Vasya came up with his own weather forecasting method. He knows the information about the average air temperature for each of the last $ n $ days. Assume that the average air temperature for each day is integral. Vasya believes that if the average temperatures over the last $ n $ days form an arithmetic progression, where the first term equals to the average temperature on the first day, the second term equals to the average temperature on the second day and so on, then the average temperature of the next $ (n+1) $ -th day will be equal to the next term of the arithmetic progression. Otherwise, according to Vasya's method, the temperature of the $ (n+1) $ -th day will be equal to the temperature of the $ n $ -th day. Your task is to help Vasya predict the average temperature for tomorrow, i. e. for the $ (n+1) $ -th day.
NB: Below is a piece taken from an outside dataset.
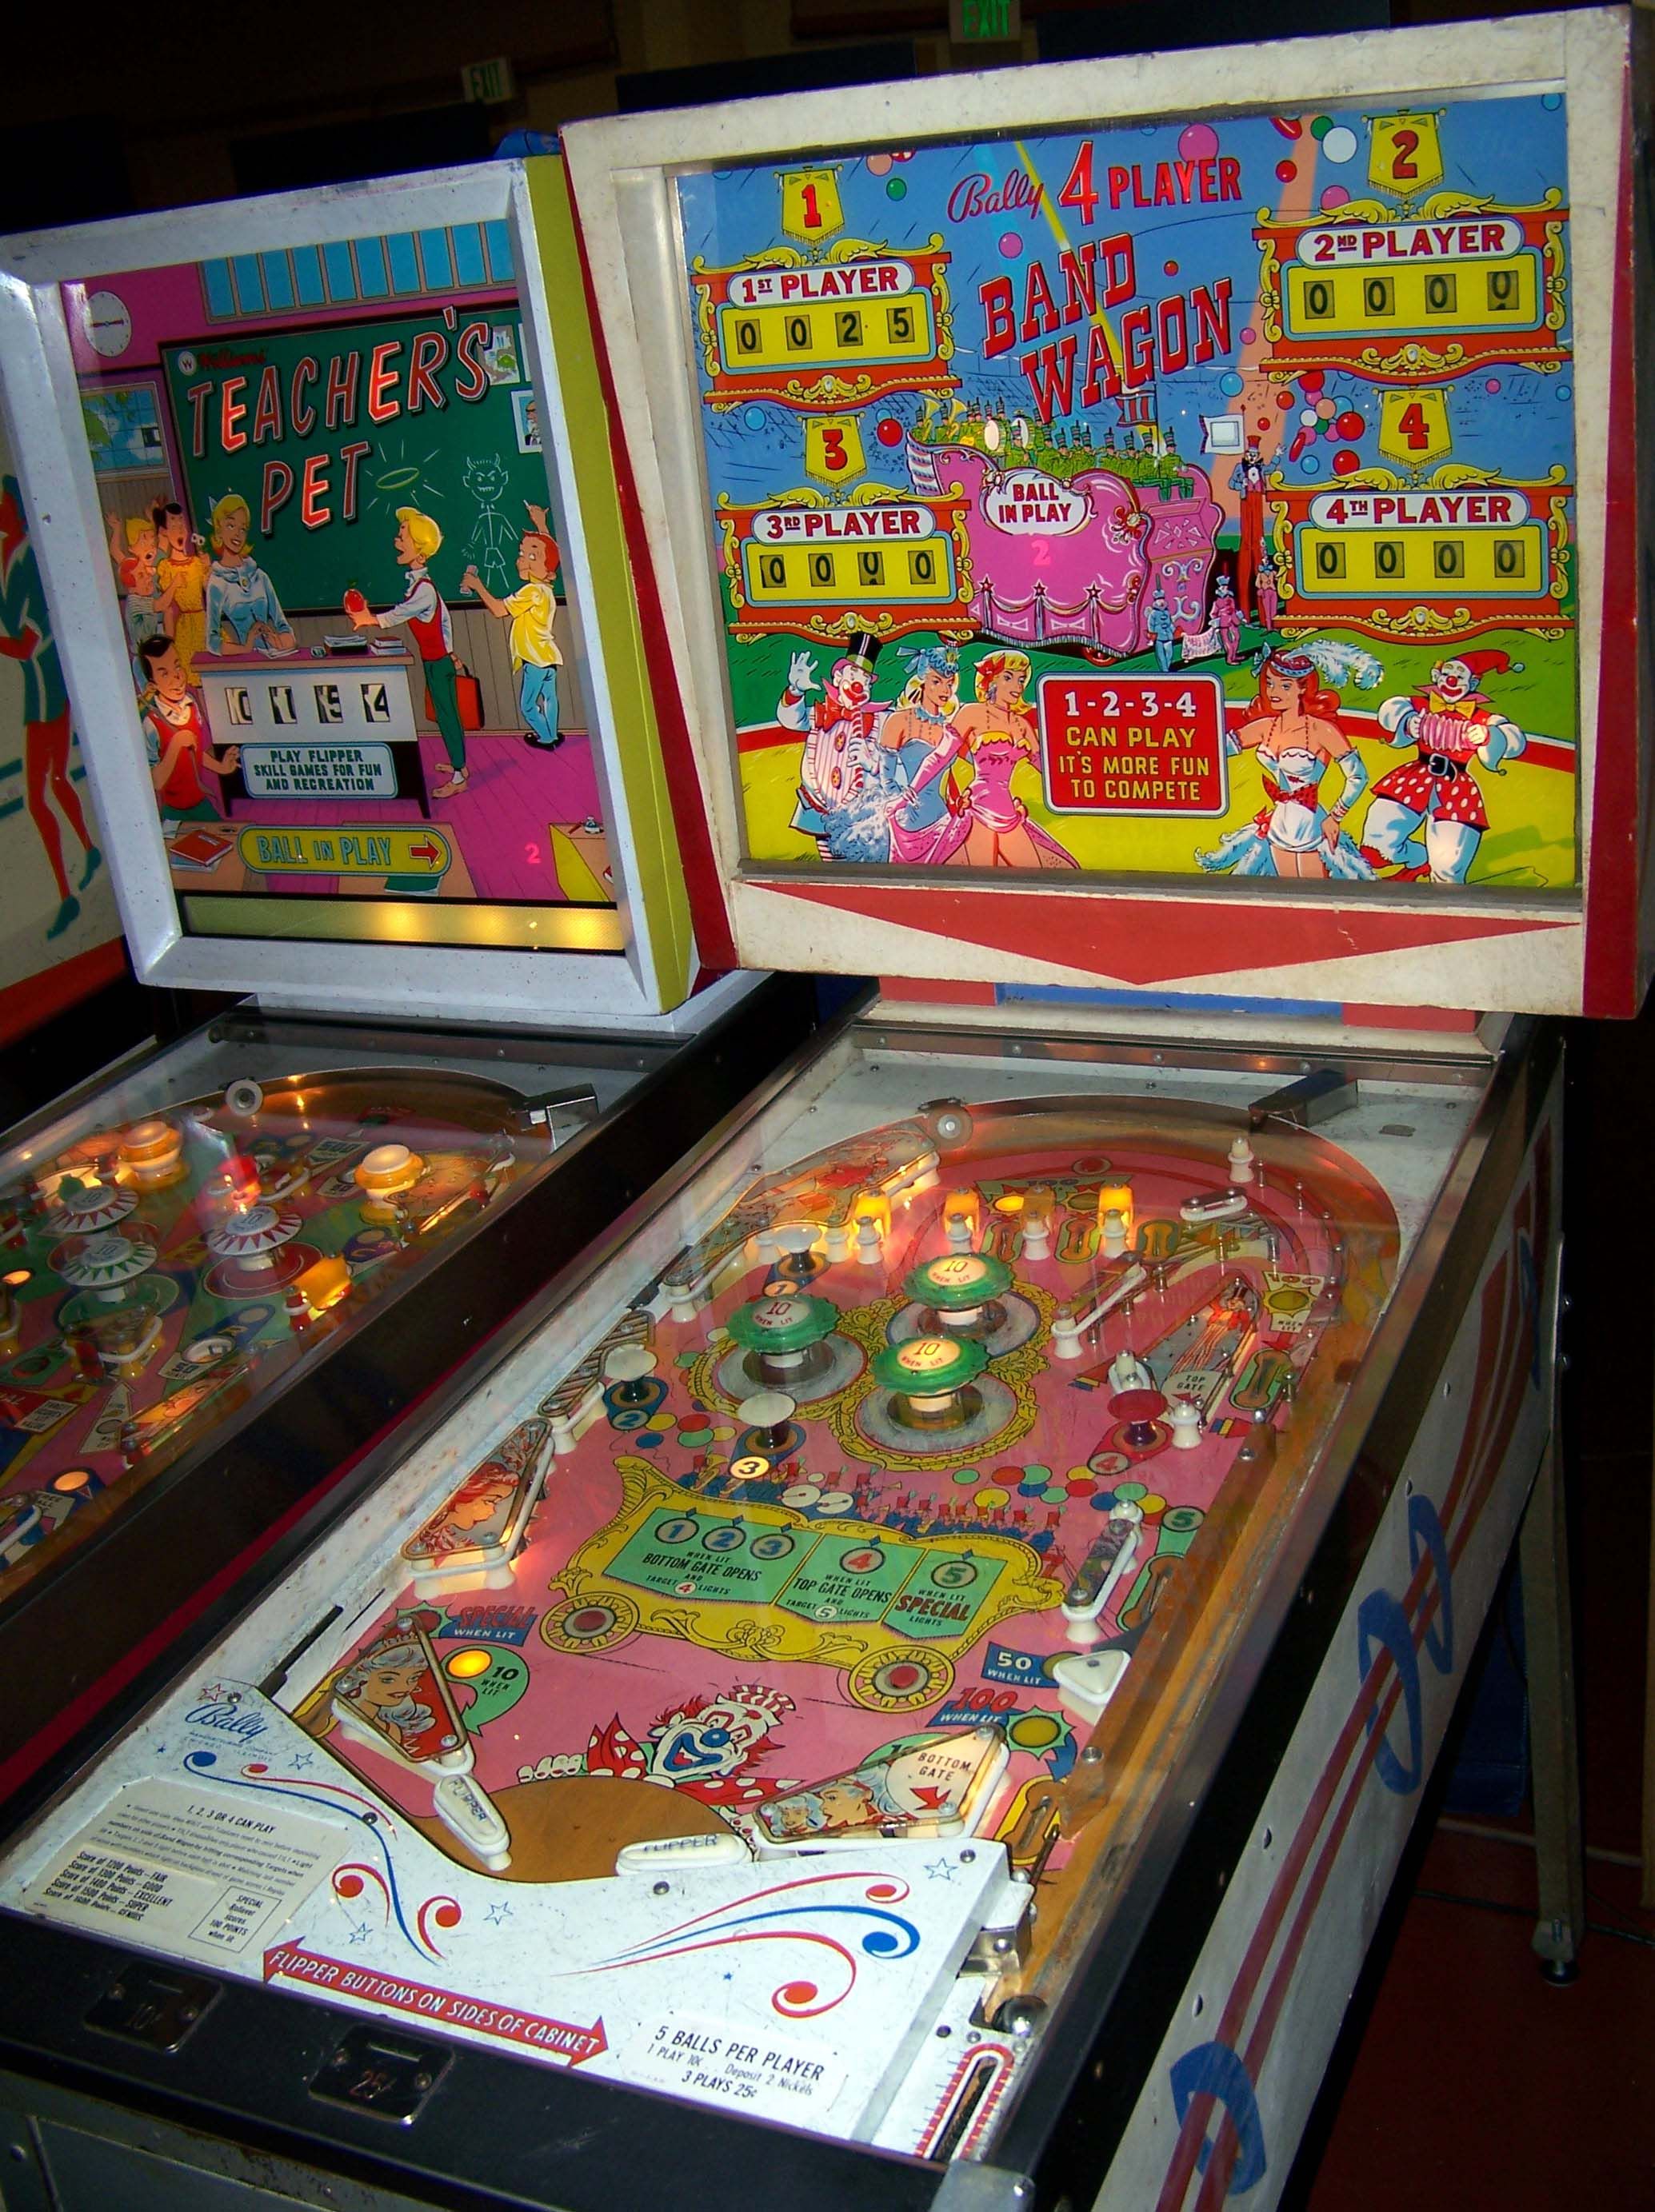 Bally slot machines juegos Pantasia com - 26169

The first line contains a single integer $ n $ ( $ 2<=n<=100 $ ) — the number of days for which the average air temperature is known. The second line contains a sequence of integers $ t_{1},t_{2},...,t_{n} $ $ (-1000<=t_{i}<=1000) $ — where $ t_{i} $ is the average temperature in the $ i $ -th day.

Print the average air temperature in the $ (n+1) $ -th day, which Vasya predicts according to his method. Note that the absolute value of the predicted temperature can exceed $ 1000 $ .

5
10 5 0 -5 -10

-15

4
1 1 1 1

1

3
5 1 -5

-5

2
900 1000

1100

In the first example the sequence of the average temperatures is an arithmetic progression where the first term is $ 10 $ and each following terms decreases by $ 5 $ . So the predicted average temperature for the sixth day is $ -10-5=-15 $ . In the second example the sequence of the average temperatures is an arithmetic progression where the first term is $ 1 $ and each following terms equals to the previous one. So the predicted average temperature in the fifth day is $ 1 $ . In the third example the average temperatures do not form an arithmetic progression, so the average temperature of the fourth day equals to the temperature of the third day and equals to $ -5 $ . In the fourth example the sequence of the average temperatures is an arithmetic progression where the first term is $ 900 $ and each the following terms increase by $ 100 $ . So predicted average temperature in the third day is $ 1000+100=1100 $ .